The fluorescent proteins—mTagBF2, sfGFP, and mKate2—were cloned into the pUC57 kanamycin-resistant vector, with the same promoter and RBS utilized to regulate their expression. The plasmids were transformed into DH5α bacterial strains and monoclonal colonies were selected after cultivation on agar plates containing the appropriate antibiotics. These colonies were grown overnight in 5 mL of LB broth with corresponding antibiotics. Fluorescence measurements were then conducted using a TECAN Spark microplate reader, with the excitation spectra recorded for each protein at their specific wavelengths, resulting in the targeted protein fluorescing without interference from the others. These results demonstrate the absence of crosstalk between the different fluorescent proteins, providing a theoretical basis for the simultaneous triple-channel detection capability of our hardware.

Figure 9. The Impact of Three Types of Excitation Light on Three Fluorescent Proteins. Blue Fluorescence Channel: Excitation at 399 nm, Emission at 455 nm. Green Fluorescence Channel: Excitation at 465 nm, Emission at 525 nm. Red Fluorescence Channel: Excitation at 588 nm, Emission at 635 nm.

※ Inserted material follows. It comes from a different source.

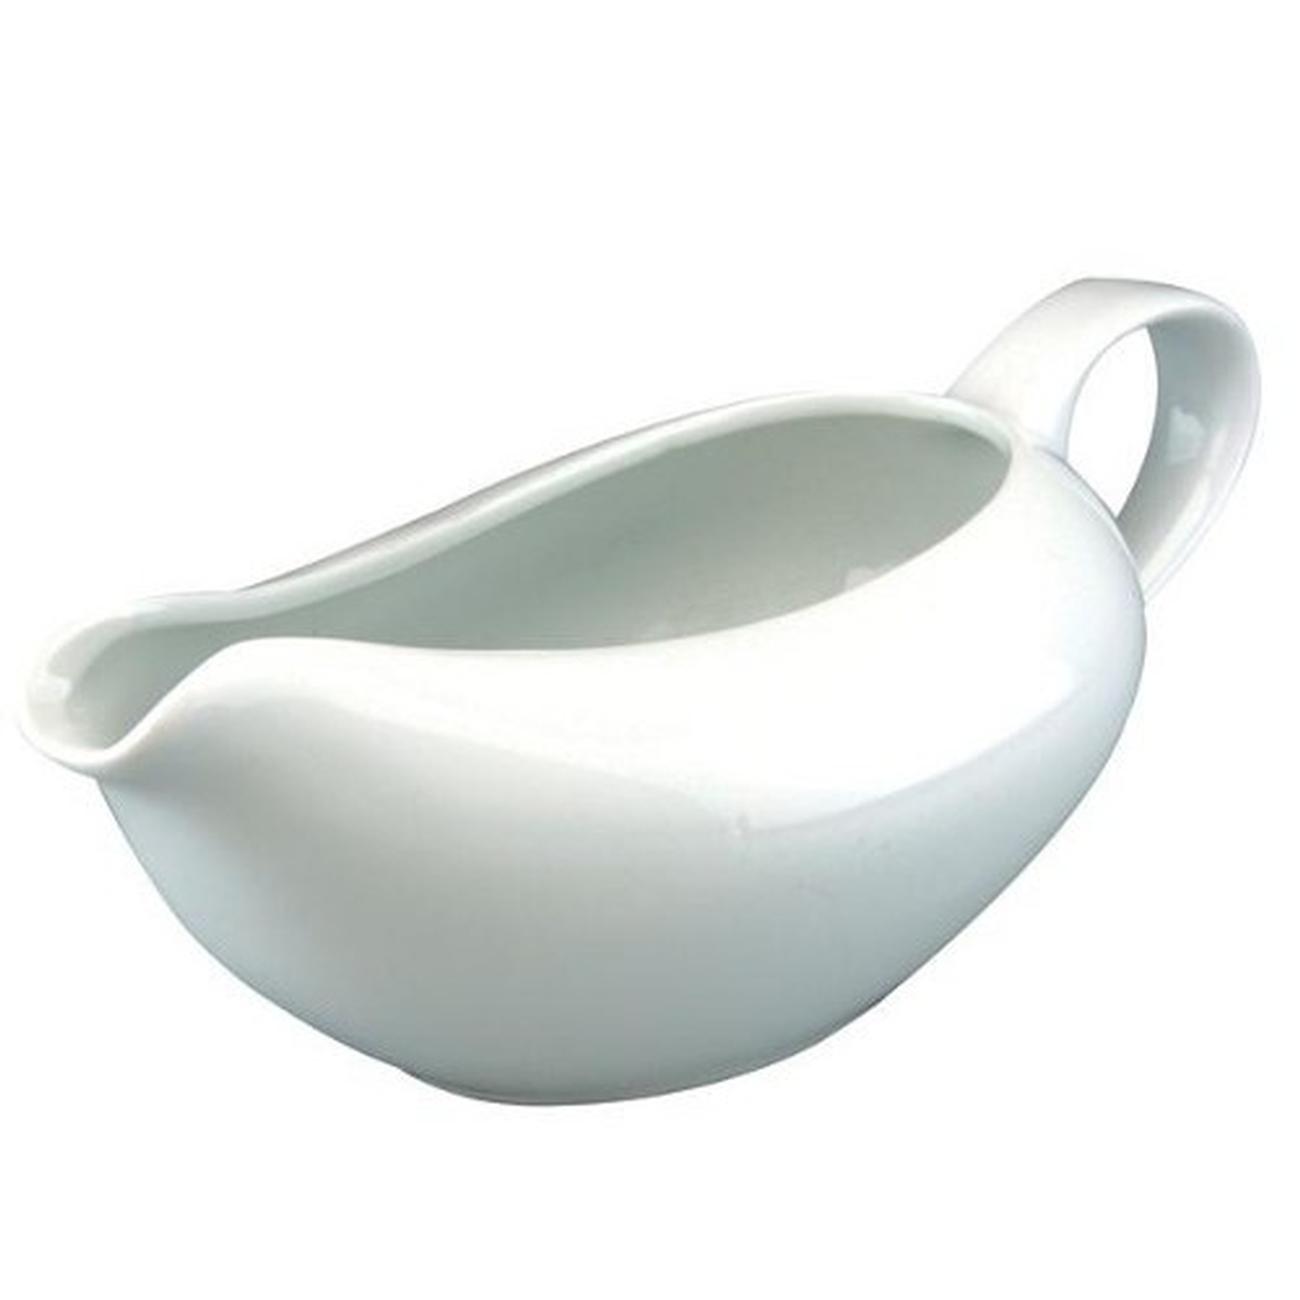 apollo-gravy-boat-wide-500ml-ceramic - Apollo Porcelain Gravy Boat 500ml

When different excitation lights are used to excite the three fluorescent proteins, the crosstalk effect between them is observed to be weak:

  1. When excited with the excitation light for sfGFP, the emission intensity of sfGFP is significantly higher than the other two fluorescent proteins, with an emission intensity more than 100 times that of the others.

  2. When excited with the excitation light for mTagBF2, the emission intensity of mTagBF2 is also markedly higher than the other two fluorescent proteins, with an emission intensity more than 20 times that of the others.

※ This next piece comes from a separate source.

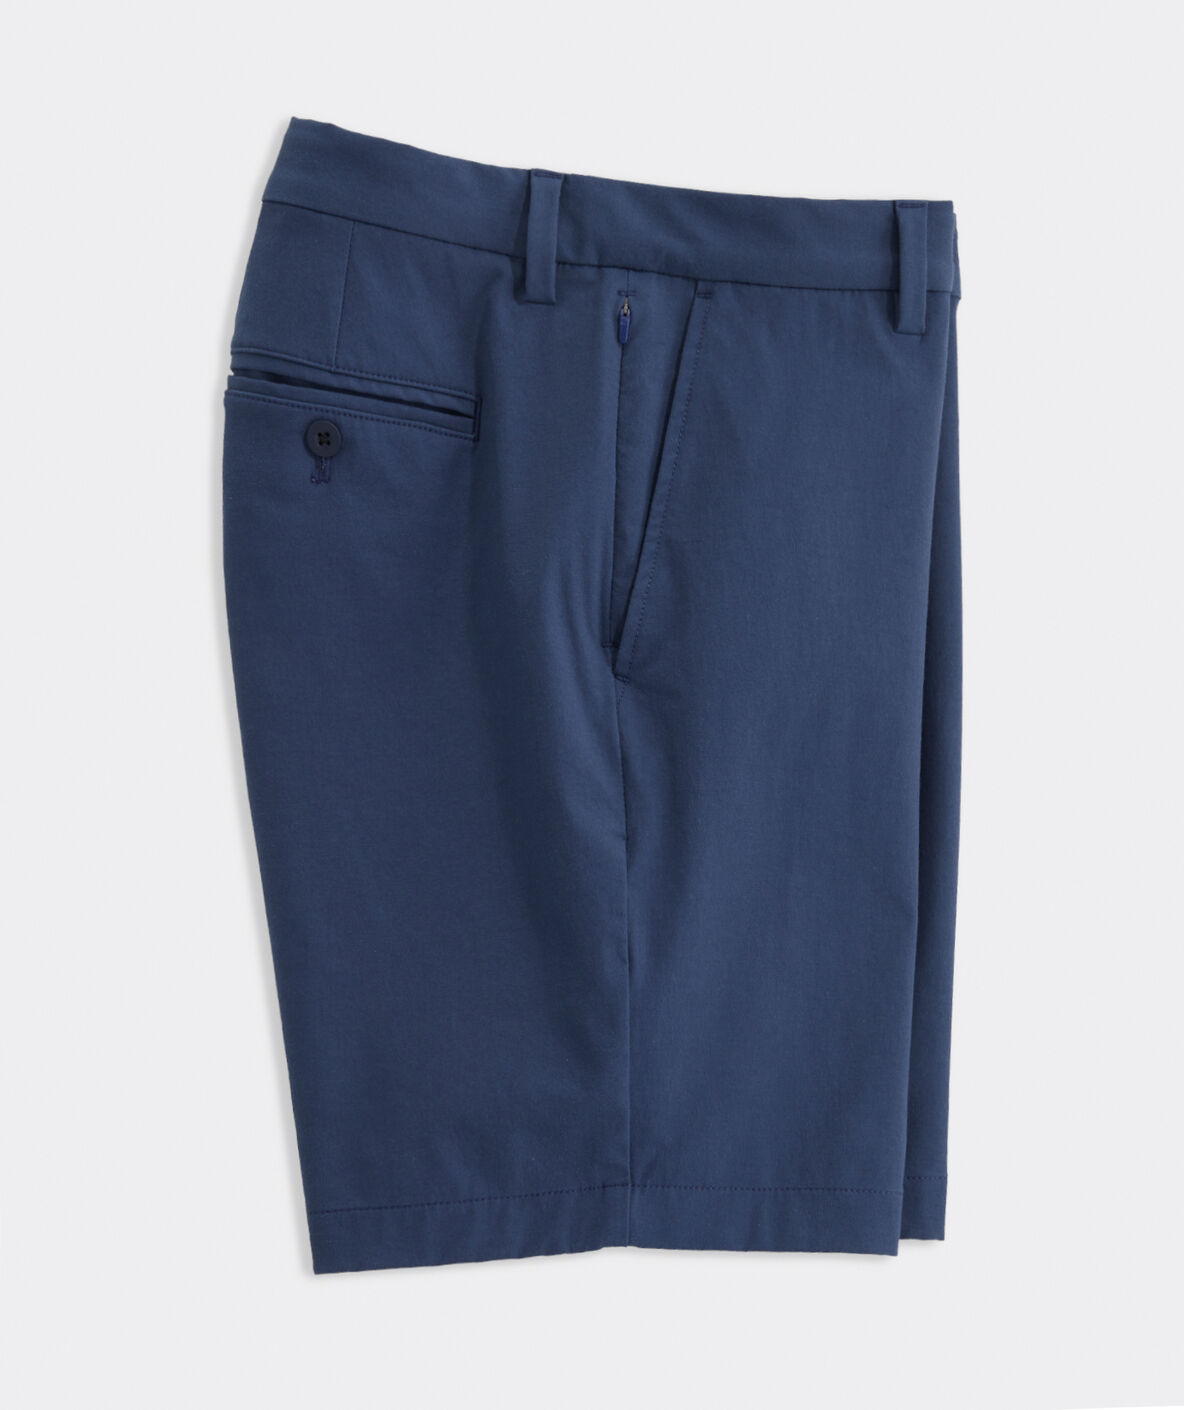 Vineyard Vines 9" OTG Shorts - Blue Blazer

  3. 3. When excited with the excitation light for mKate2, the emission intensity of mKate2 is the most prominent, with an emission intensity more than 800 times that of the other fluorescent proteins.

These results indicate that when excited by their specific excitation lights, each fluorescent protein primarily exhibits its own emission characteristics, with minimal crosstalk between the three. Therefore, for future use in the same hardware, we can utilize these three proteins.